- [What the task asks]: With the images removed, write out every line below exactly.

- [Given data]:

[Start of section]

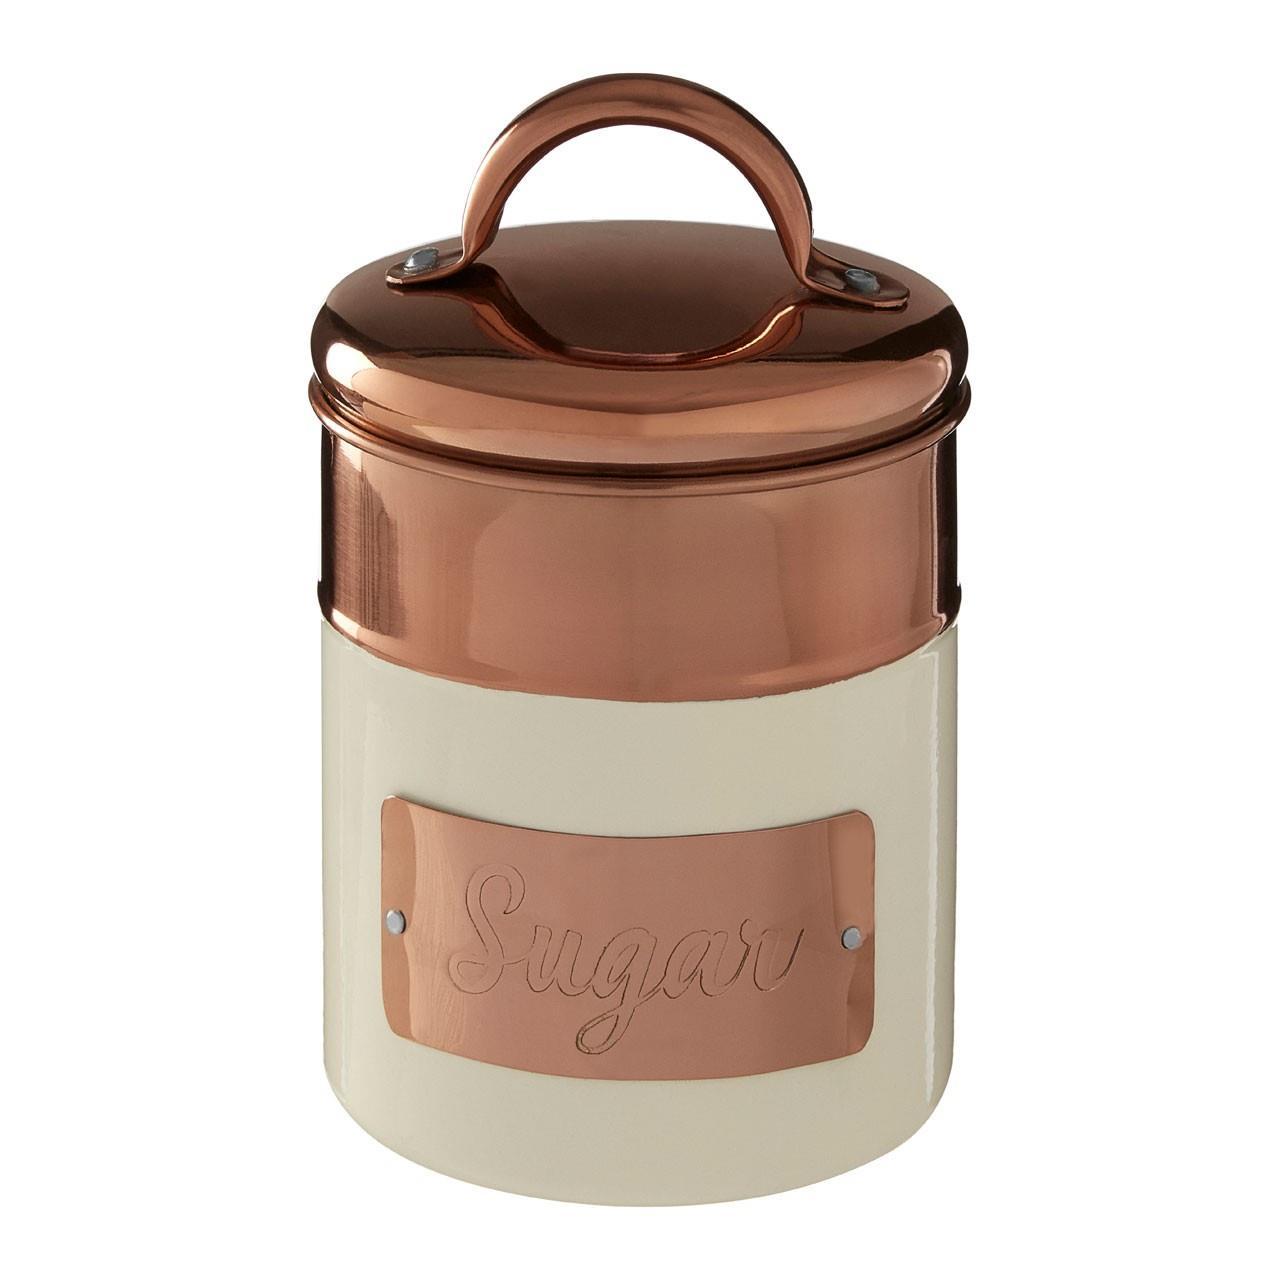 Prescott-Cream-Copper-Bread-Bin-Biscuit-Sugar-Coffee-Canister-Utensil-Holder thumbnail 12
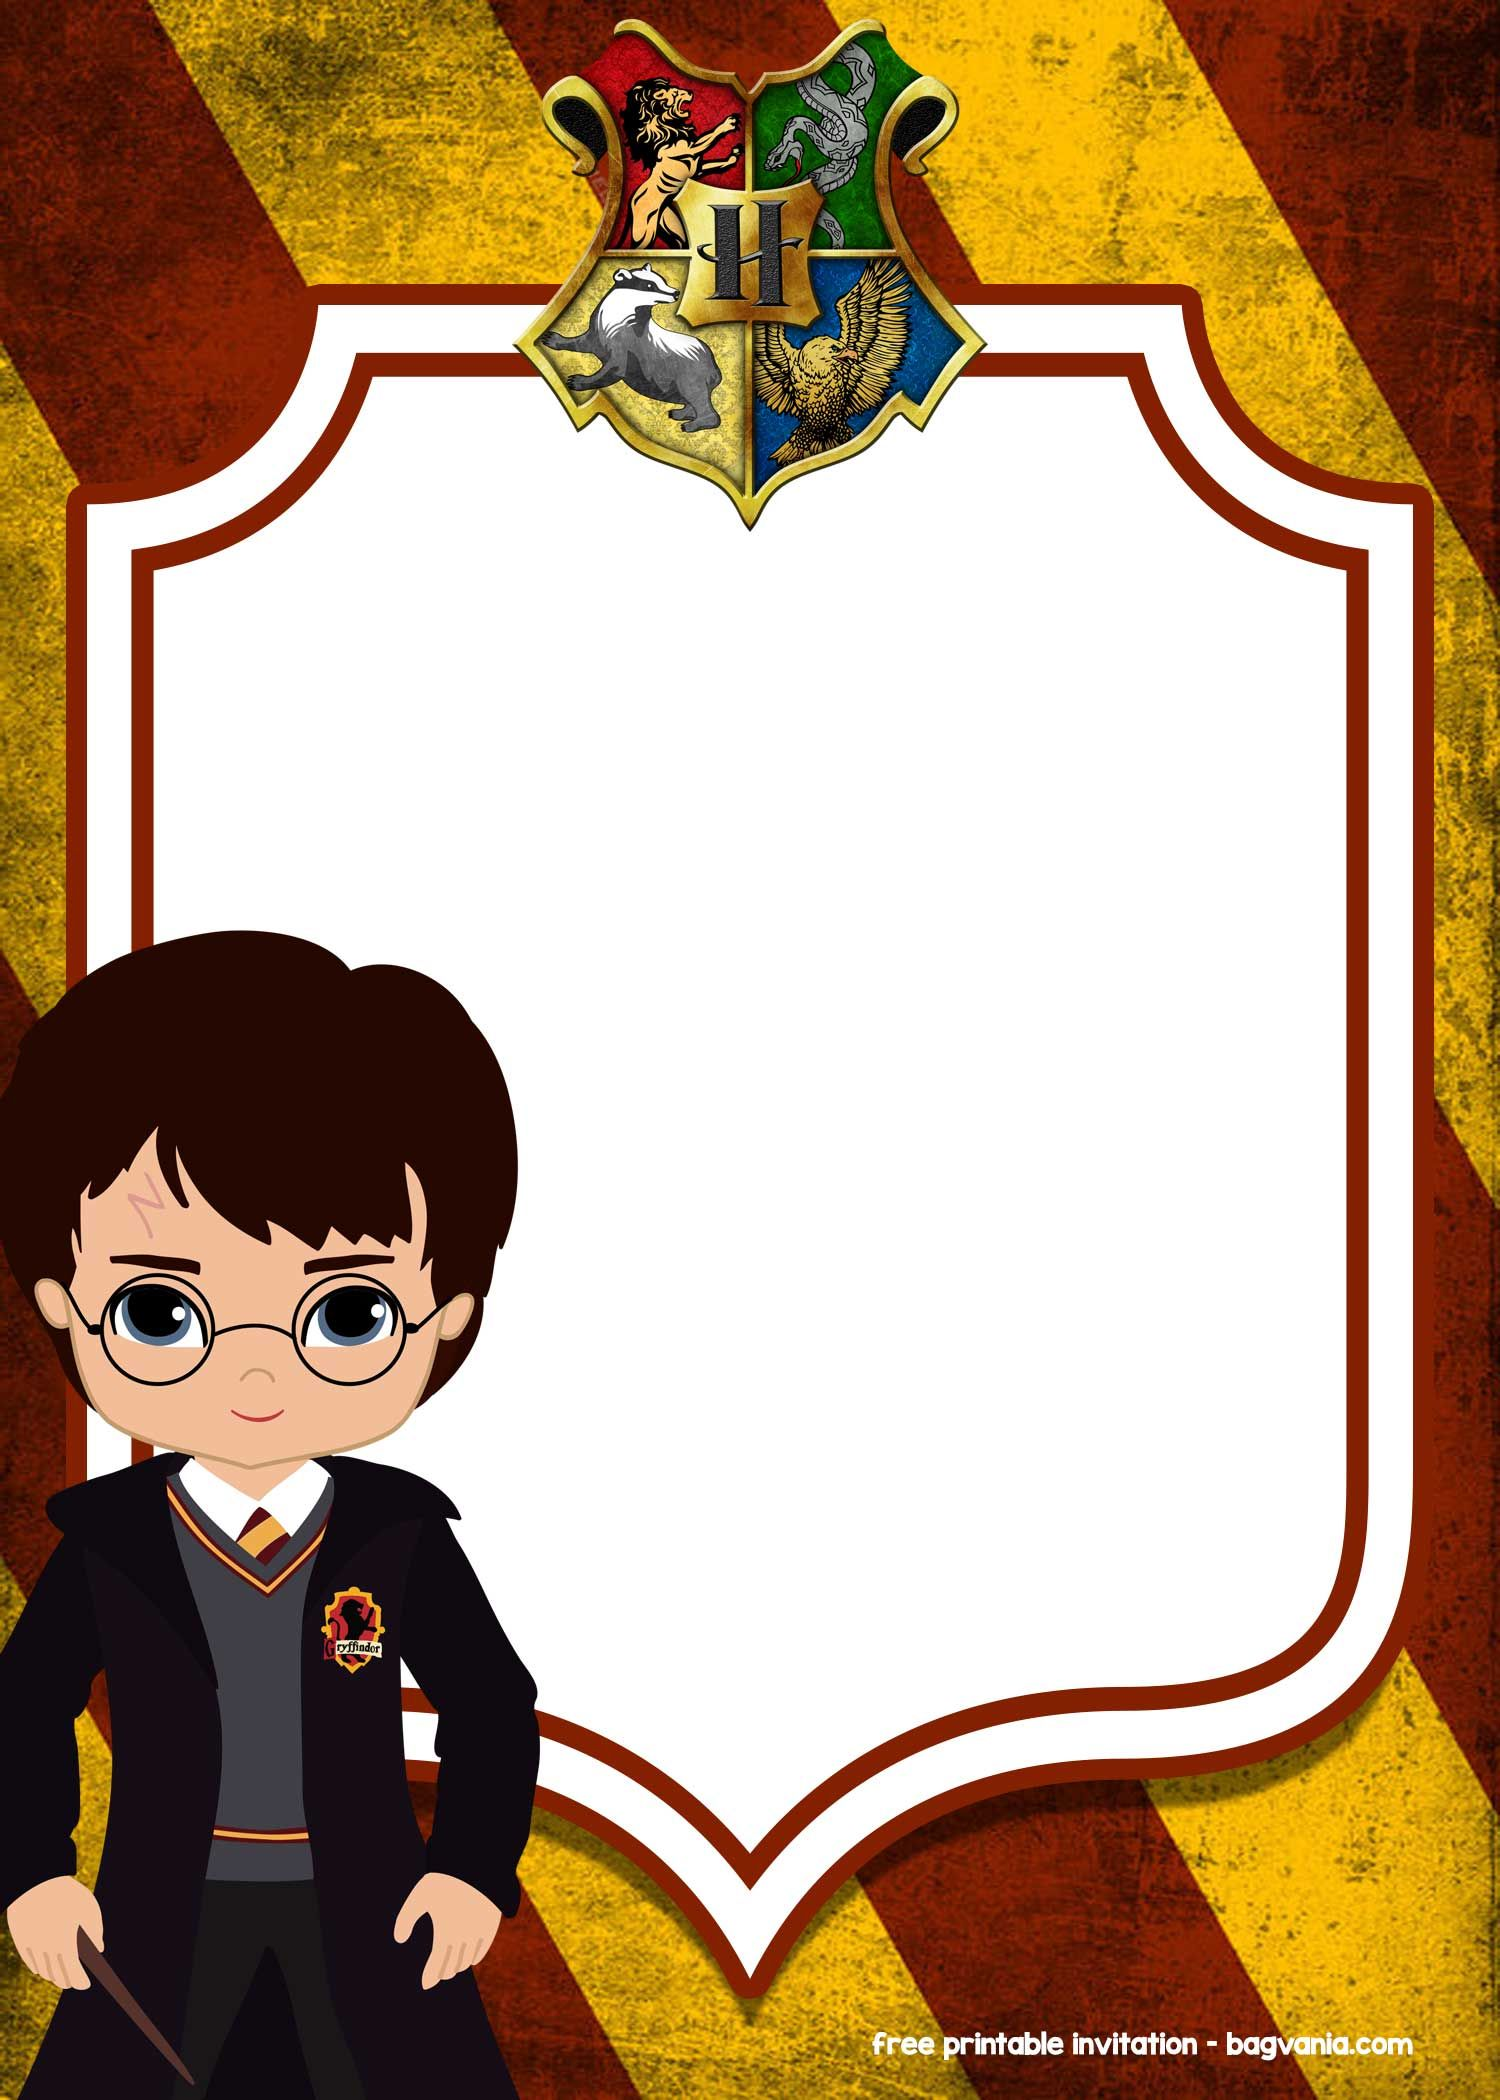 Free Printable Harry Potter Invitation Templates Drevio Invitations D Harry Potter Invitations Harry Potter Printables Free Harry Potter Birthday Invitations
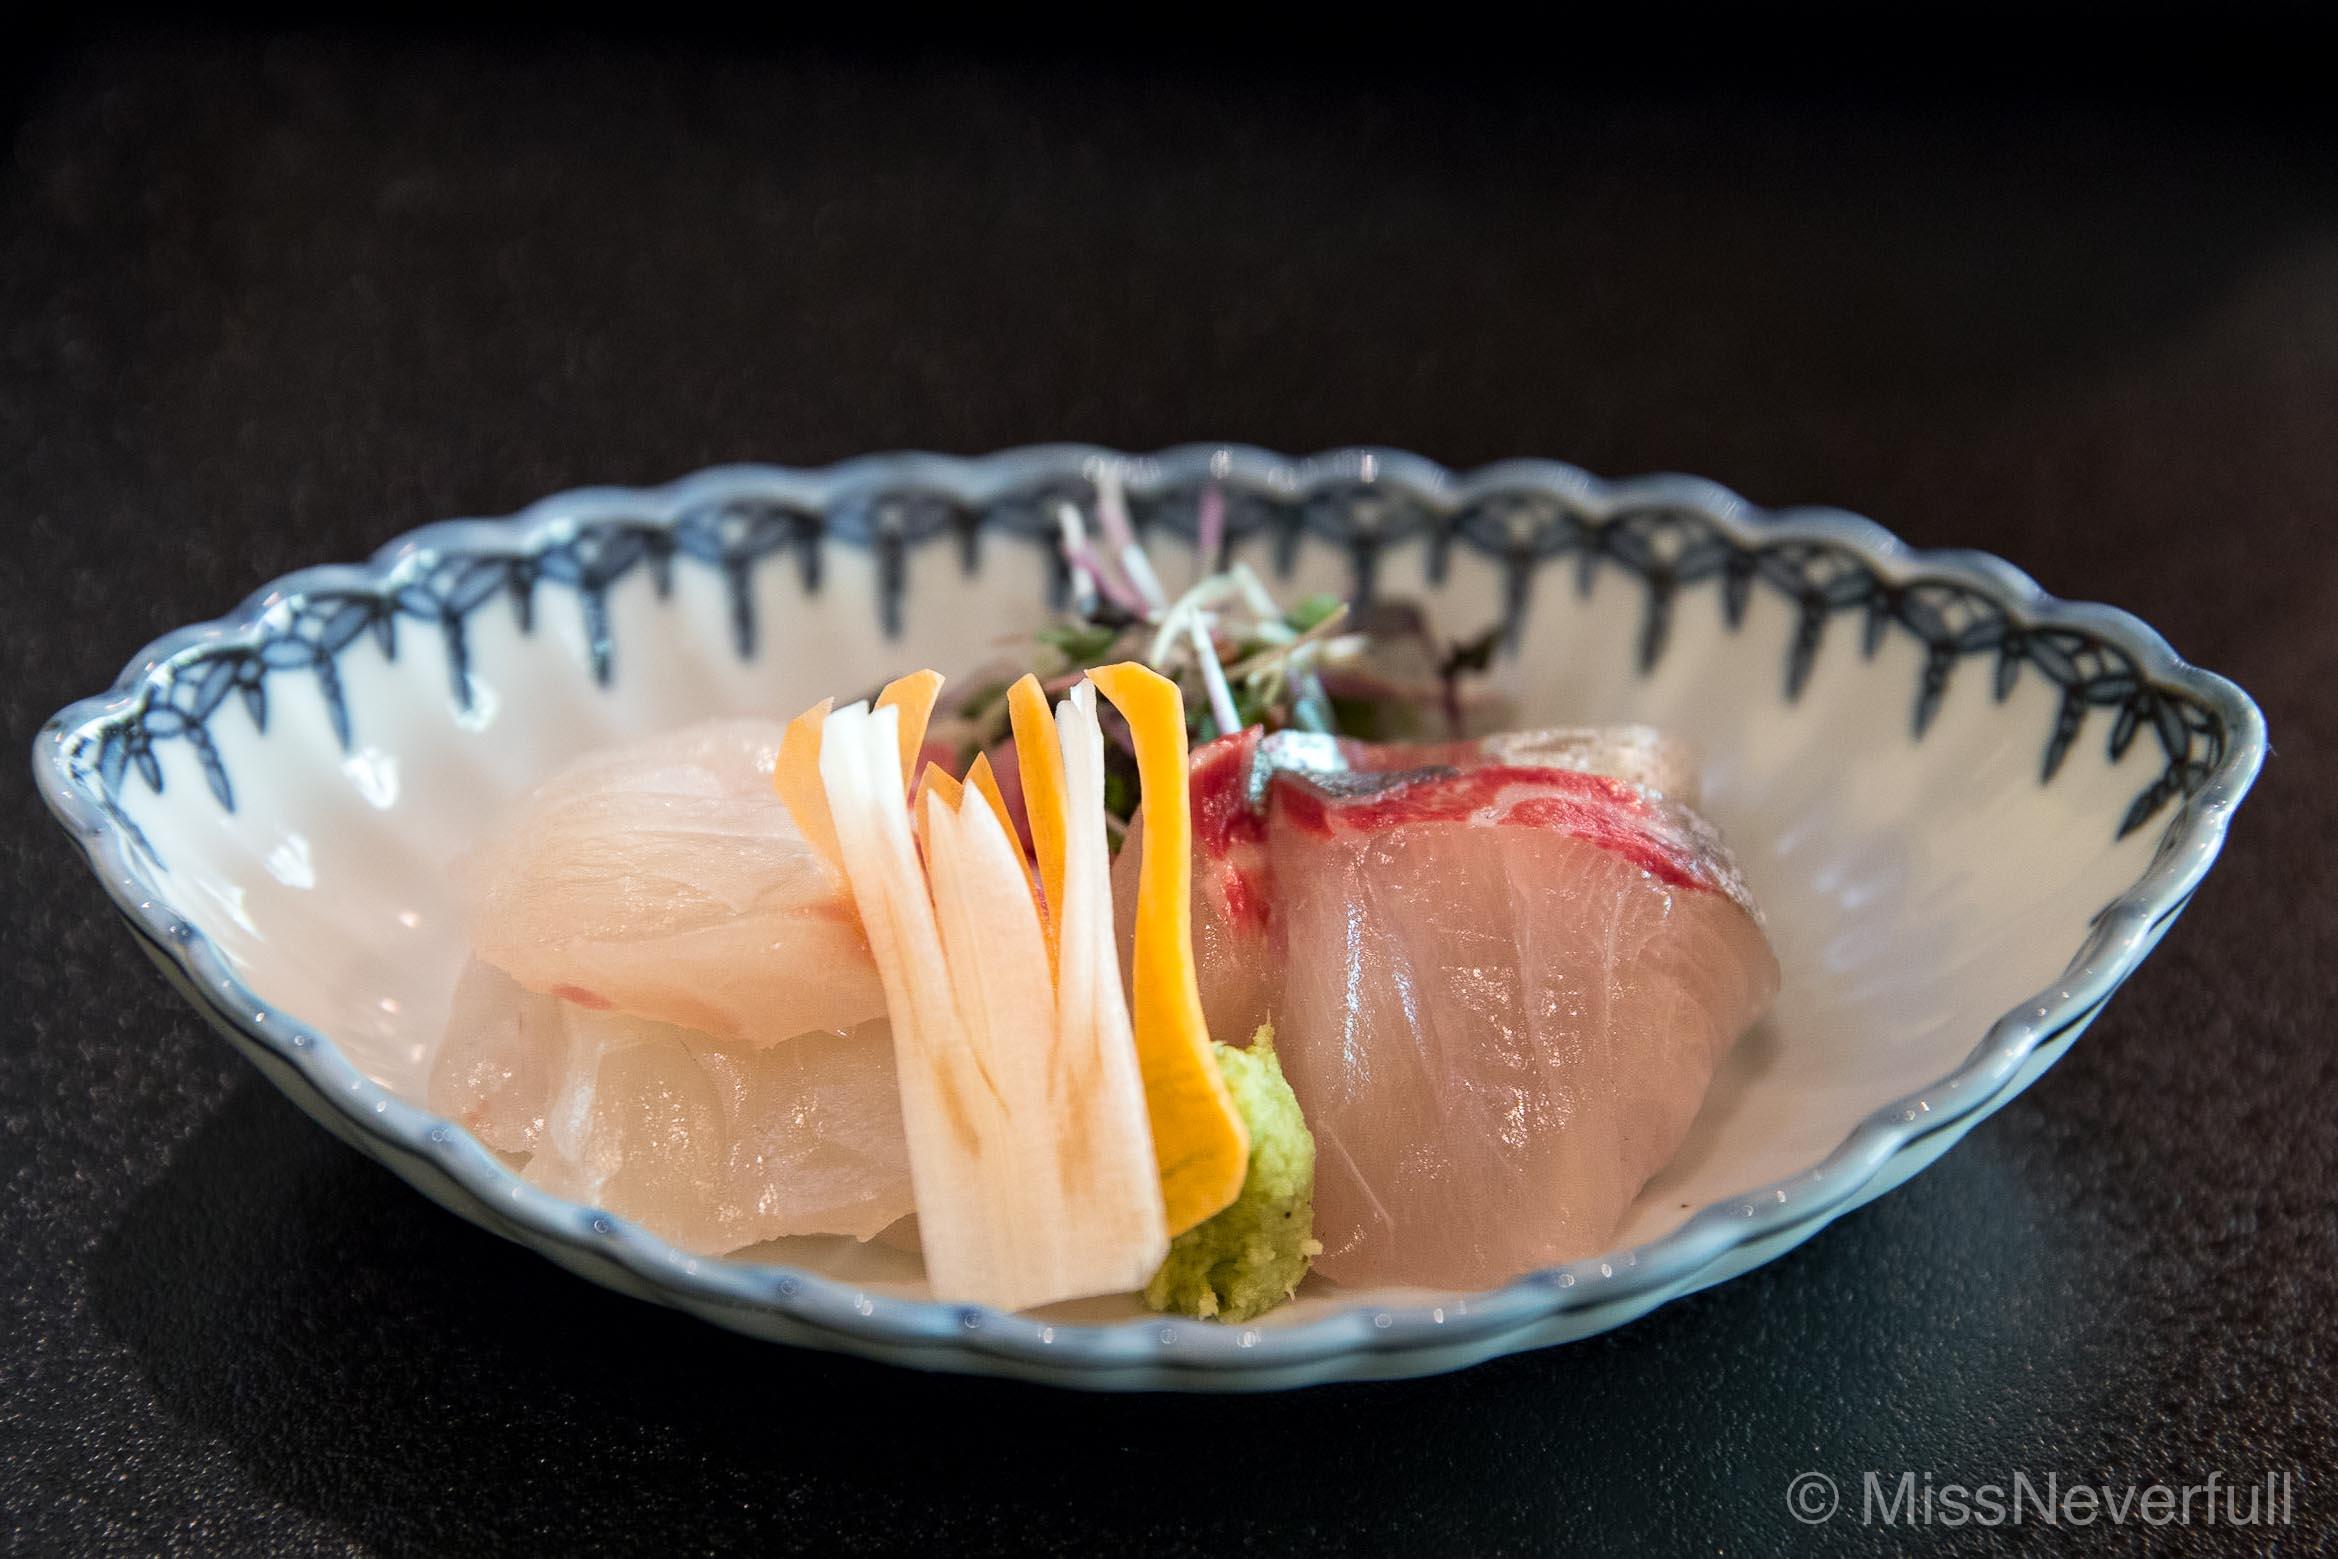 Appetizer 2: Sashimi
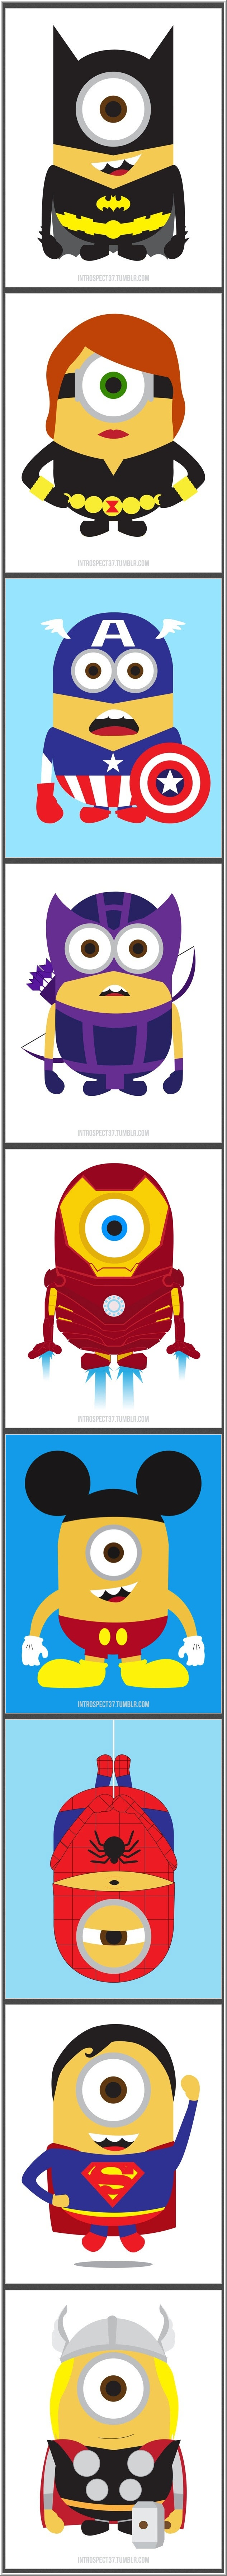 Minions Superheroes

[End of section]

- [Output for this task]:
 Prescott-Cream-Copper-Bread-Bin-Biscuit-Sugar-Coffee-Canister-Utensil-Holder thumbnail 12
 Free Printable Harry Potter Invitation Templates Drevio Invitations D Harry Potter Invitations Harry Potter Printables Free Harry Potter Birthday Invitations
 Appetizer 2: Sashimi
 Minions Superheroes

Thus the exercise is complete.